Why this matters for Receptionists: Strongly named across all sources. Hospitality Team Member Standard: 'always thinking customer first'. Customer Service Practitioner Standard: 'deliver excellent service'. The receptionist is the first impression — service orientation is foundational and position 1 is defensible.
2
Organisational Skills
Establishes clear priorities and builds plans to ensure delivery on time. Works in a systematic manner and manages resources efficiently. Quickly adapts plans as circumstances require. Sees things through to completion.

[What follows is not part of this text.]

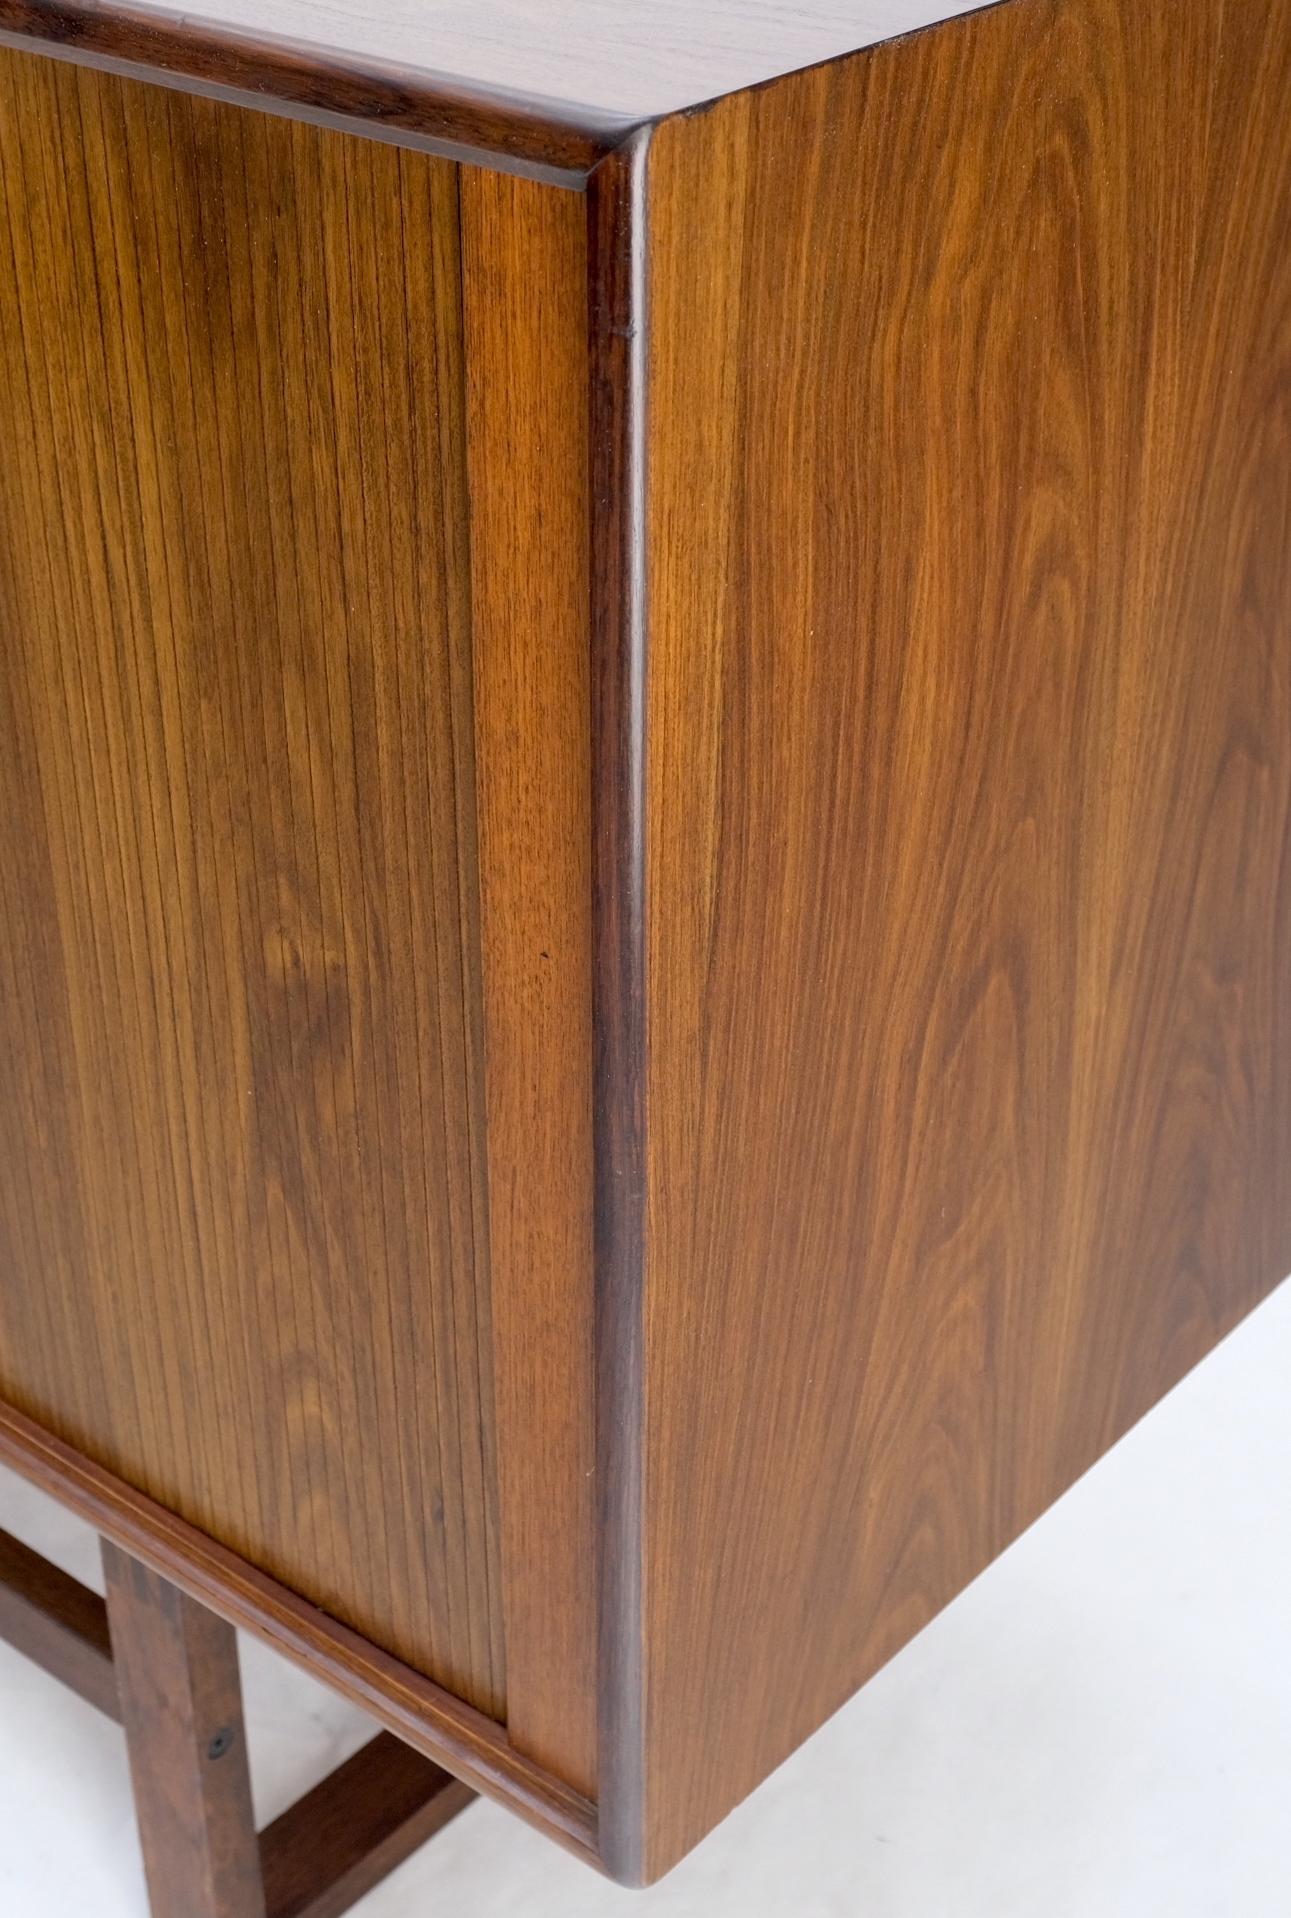 20th Century Tambour Doors Rosewood Danish Mid-Century Modern Long Credenza Buffet Dresser For Sale

Why this matters for Receptionists: Multi-tasking is core — phone, walk-in visitors, email, scheduling, deliveries, switchboard, security passes, contractor sign-in. Business Admin Standard names 'manage diary, schedule meetings'. Concurrent demand handling at peak times is the daily craft.
3
Resilience
Remains calm and maintains a positive attitude when faced with difficult circumstances. Thrives under pressure, remaining focused despite distractions. Quickly recovers from setbacks.

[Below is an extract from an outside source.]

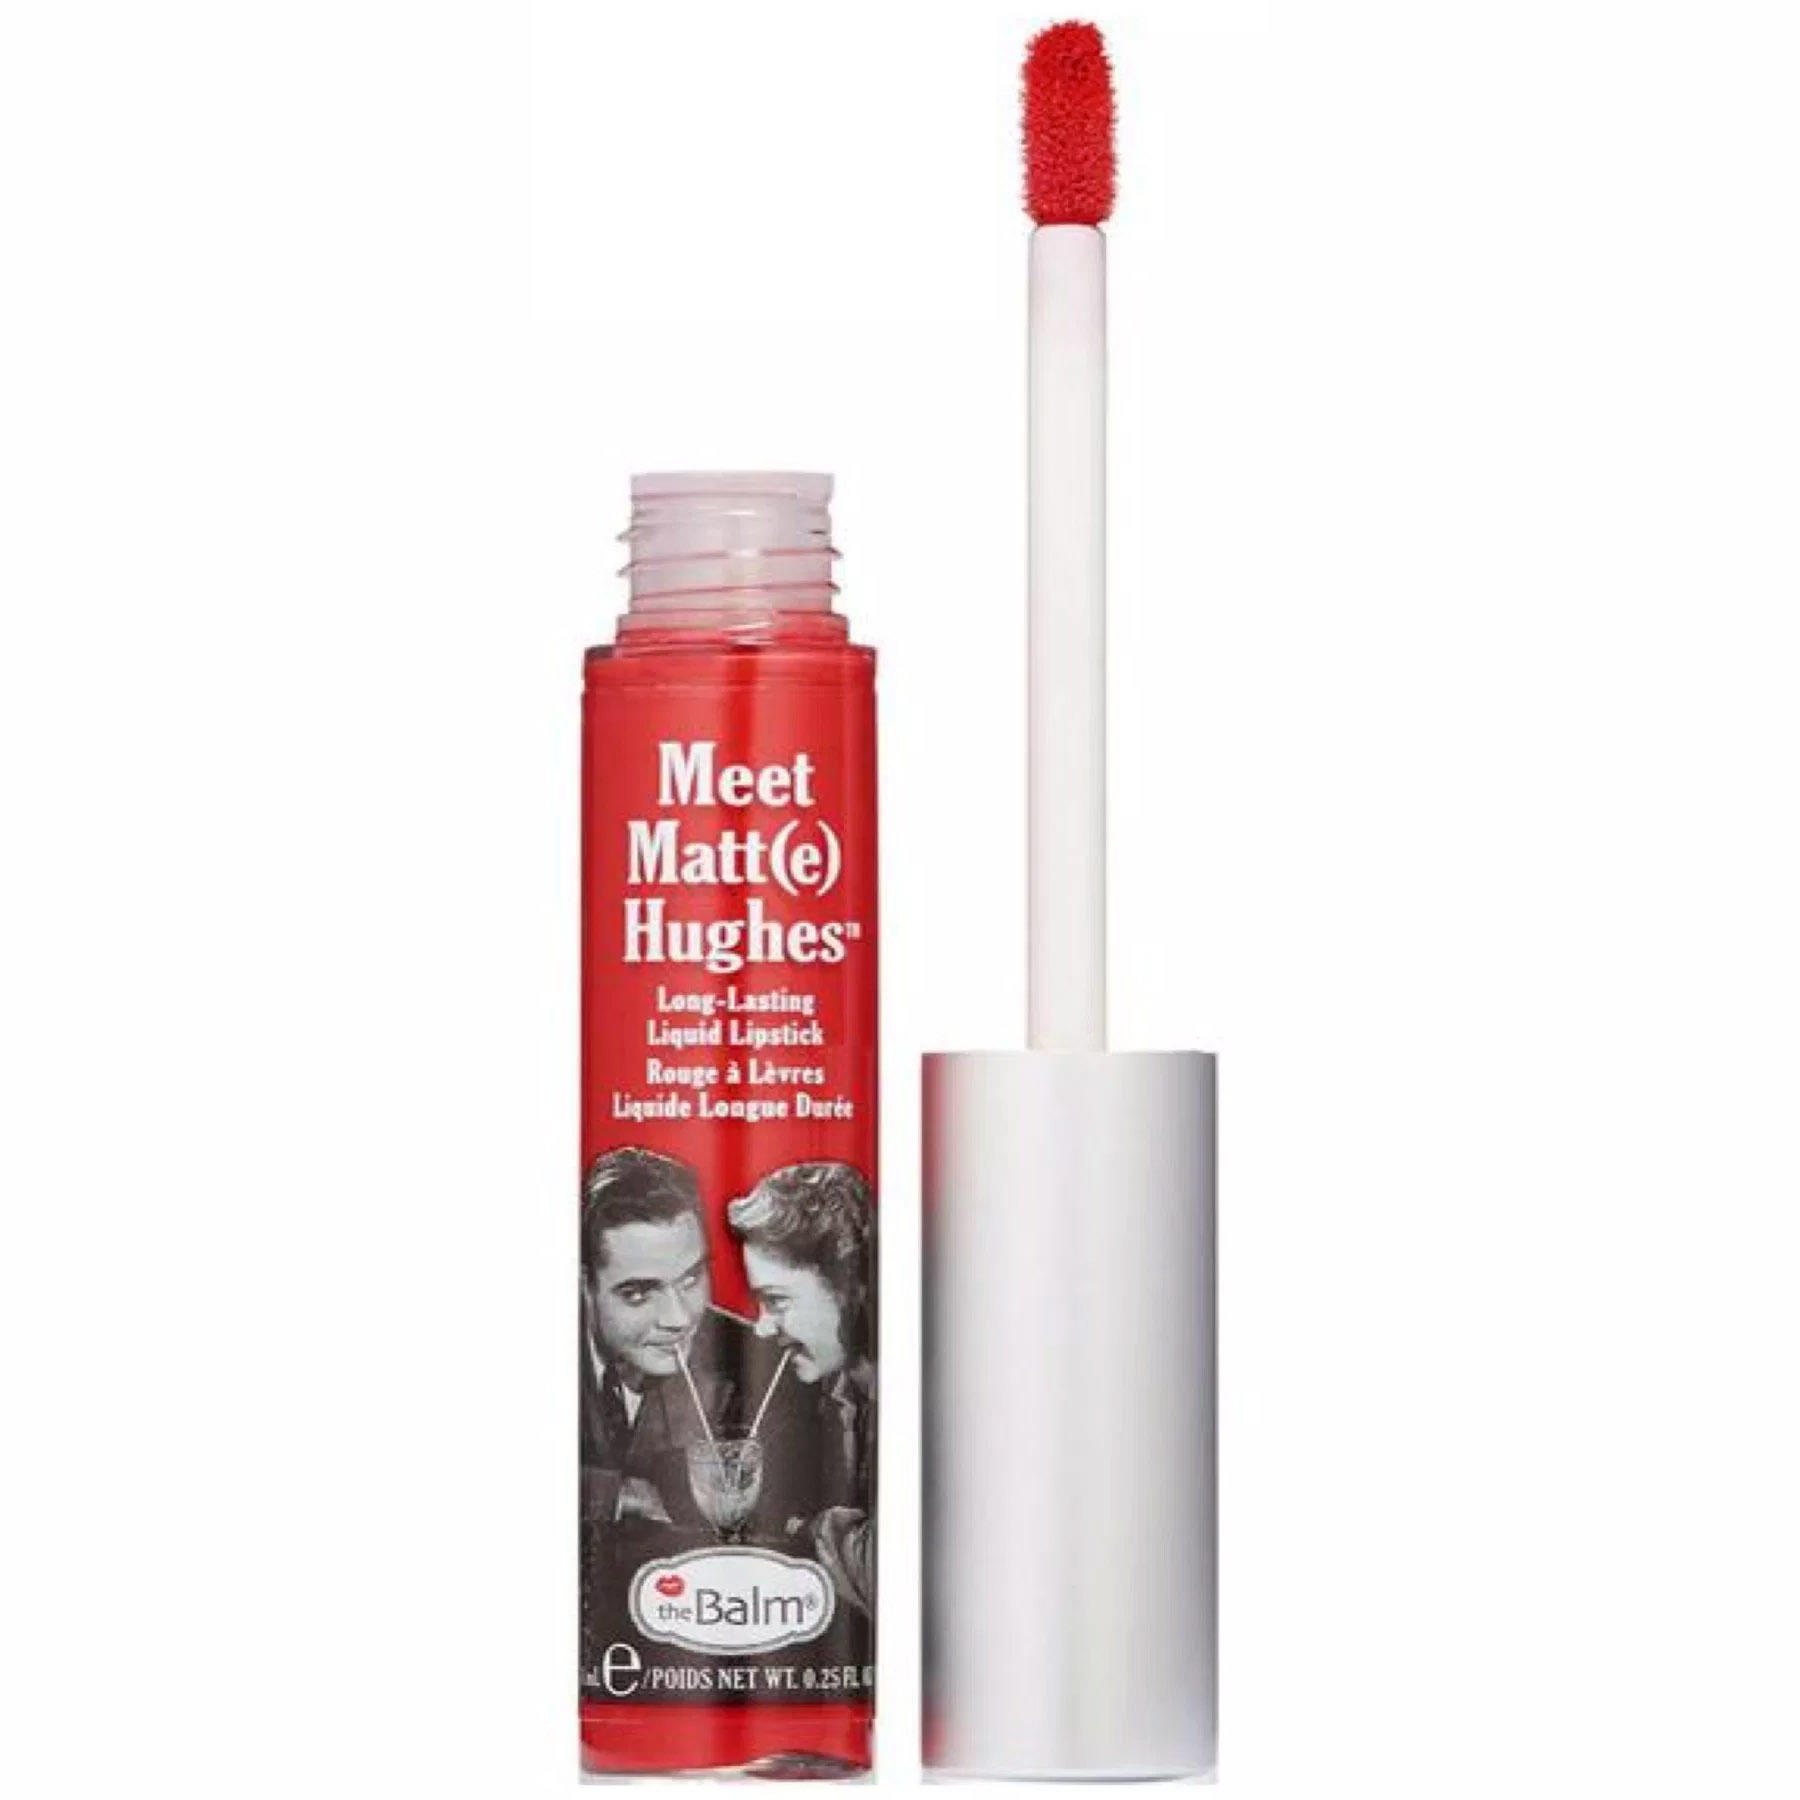 The Balm Long-Lasting Liquid Lipstick Meet Matt(e) Hughes Loyal

Why this matters for Receptionists: Difficult callers, queue pressure during peak hours, sustained 'front of house' presentation across full shifts. Customer Service Standard 'right first time' implies sustained accuracy under volume. The reception desk has no off-stage time.
4
Dependability
Conscientious and thorough in their approach to work, delivering what they promise to the necessary standard. Behaves in line with the organisation’s values and ethical principles.
Why this matters for Receptionists: Reliability is critical — the desk must always be staffed and consistent in standard. Cash, keys, access integrity matter in many contexts (medical, hospitality, property reception). Standards name 'professionalism, takes responsibility'. Short absences leave visible gaps.
5
Collaborative Working
Looks to understand others’ perspectives and objectives. Respects different styles/approaches, whilst adapting their own style to enable them to work effectively with others.
Why this matters for Receptionists: Sits between visitors and the rest of the organisation. Named across all standards. Smooth handover to colleagues, escalation pathways, knowledge sharing. Reception works because the team works.